§ What needs to be done: When you reach the line in the data below that contains "The Shoulder Workshop", please start repeating lines exactly, and stop after the line that contains "Orvosi minőségű fülzselé", repeating nothing else.

§ Source information:
== Segment start ==
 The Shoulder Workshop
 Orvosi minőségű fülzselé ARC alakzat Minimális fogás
== Segment end ==
== Segment start ==
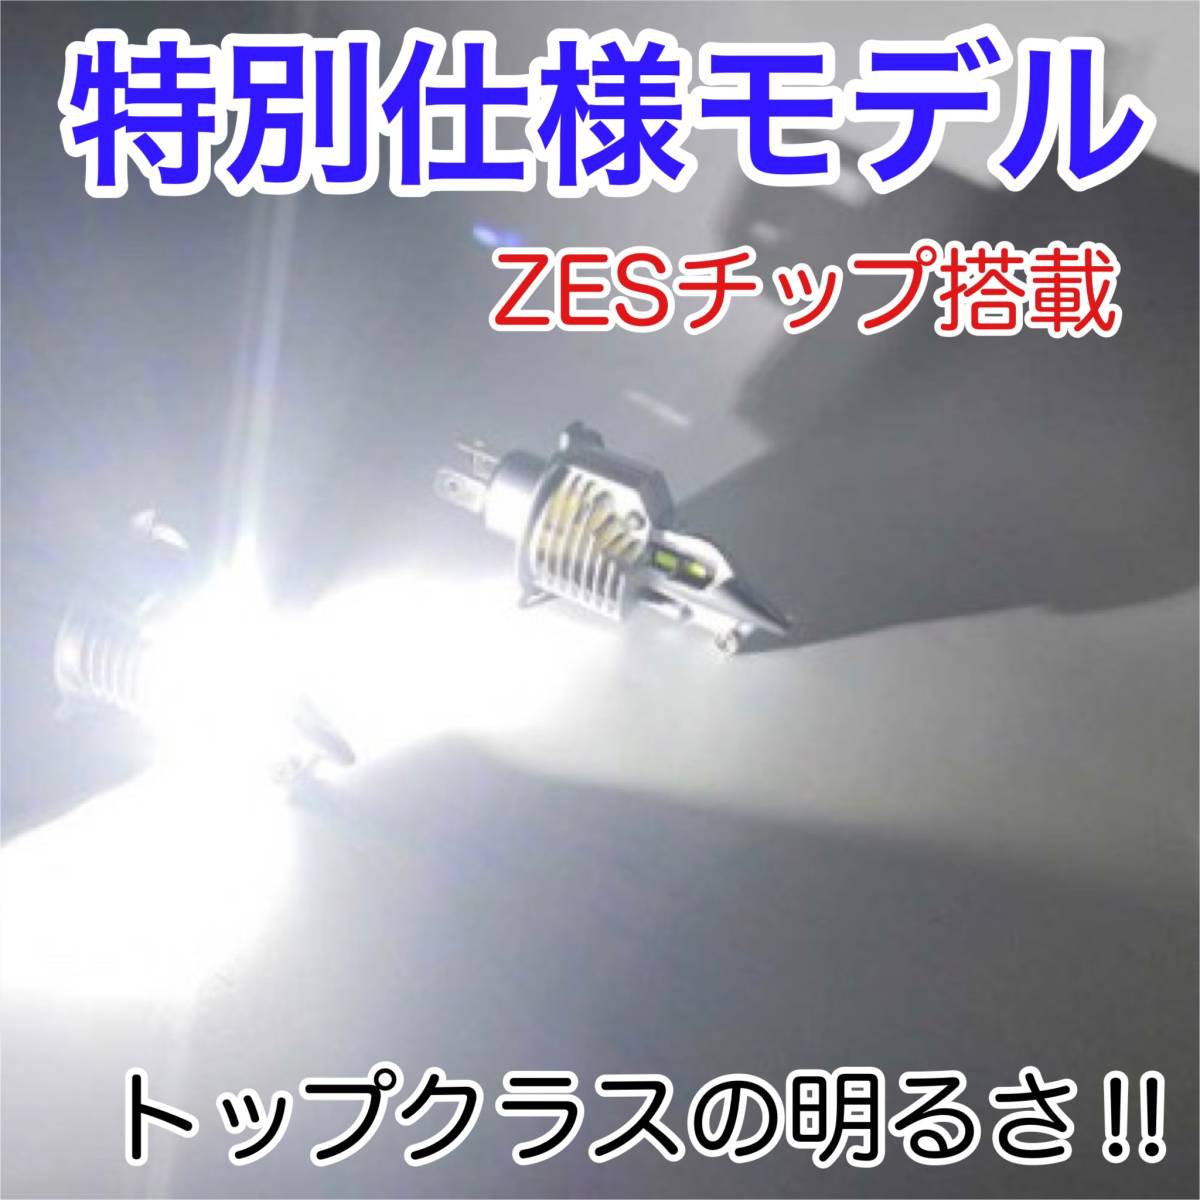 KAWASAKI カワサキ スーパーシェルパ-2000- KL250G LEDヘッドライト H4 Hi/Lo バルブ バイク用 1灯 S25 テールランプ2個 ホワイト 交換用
== Segment end ==
§ Solution:
 The Shoulder Workshop
 Orvosi minőségű fülzselé ARC alakzat Minimális fogás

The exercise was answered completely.